TRIO Best Practice articles are brief, structured reviews designed to provide the busy clinician with a handy outline and reference for day-to-day clinical decision making. The ENTtoday summaries below include the Background and Best Practice sections of the original article. To view the complete Laryngoscope articles free of charge, visit Laryngoscope.
Explore this issue:December 2017
The Eustachian tube ventilates the middle ear, and its dilatory dysfunction leads to the development of middle ear diseases such as acute otitis media, otitis media with effusion (OME), tympanic membrane (TM) retraction pockets, and cholesteatoma. Although knowledge of the ear’s Eustachian tube function is essential for assessing the likely success of any middle ear surgery, no test is considered gold standard for diagnosis of Eustachian tube dysfunction. Otoscopy and pneumatic otoscopy are initial, quick techniques for clinically assessing Eustachian tube function. If one ear has a TM perforation, however, it can be difficult to assess the function of its Eustachian tube because pneumatic otoscopy and tympanometry are unhelpful. In these cases, many otolaryngologists will infer the state of the Eustachian tube on the side of the perforation from that of the contralateral intact one.
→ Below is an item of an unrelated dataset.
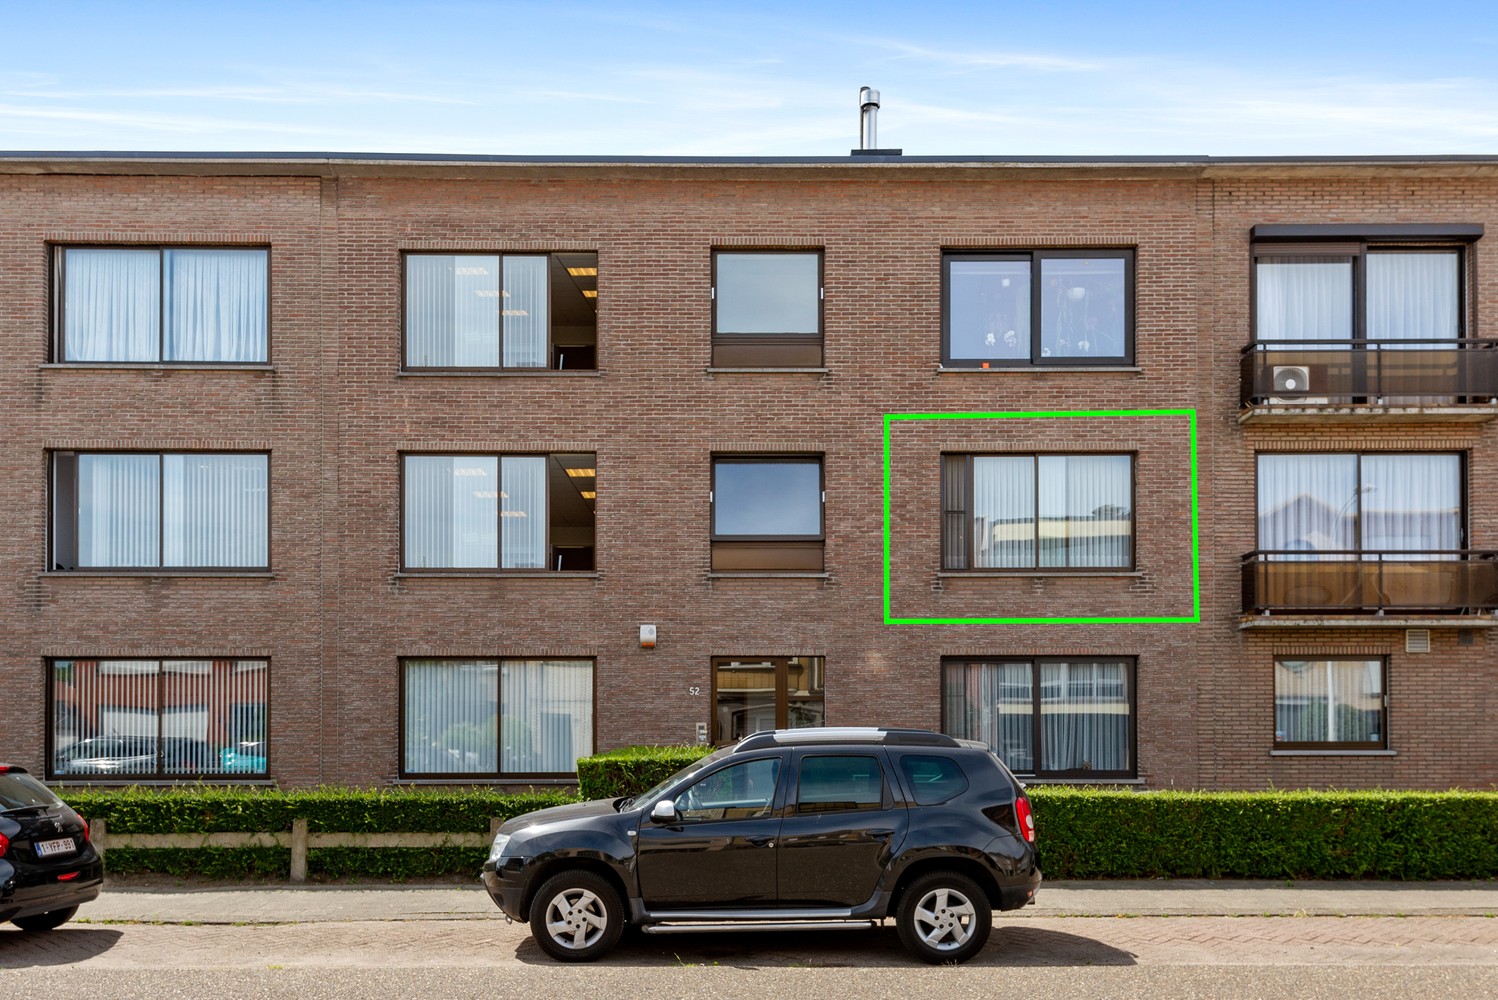 Appartement met 3 slaapkamers, terras en garage in Borsbeek! afbeelding 15

Although there is little physiologic data comparing Eustachian tube function in each ear, clinically relevant information can be gleaned from studies on surgical outcomes. A normal pneumatic otoscopic exam of the contralateral ear, for instance, may predict increased success with myringoplasty. Until the development of novel tests of Eustachian tube function in the presence of a perforation, clinicians should use the status of the contralateral ear as a guide for clinical decision making, keeping in mind that Eustachian tube function can differ between ears (Laryngoscope. 2017;127:1491–1492).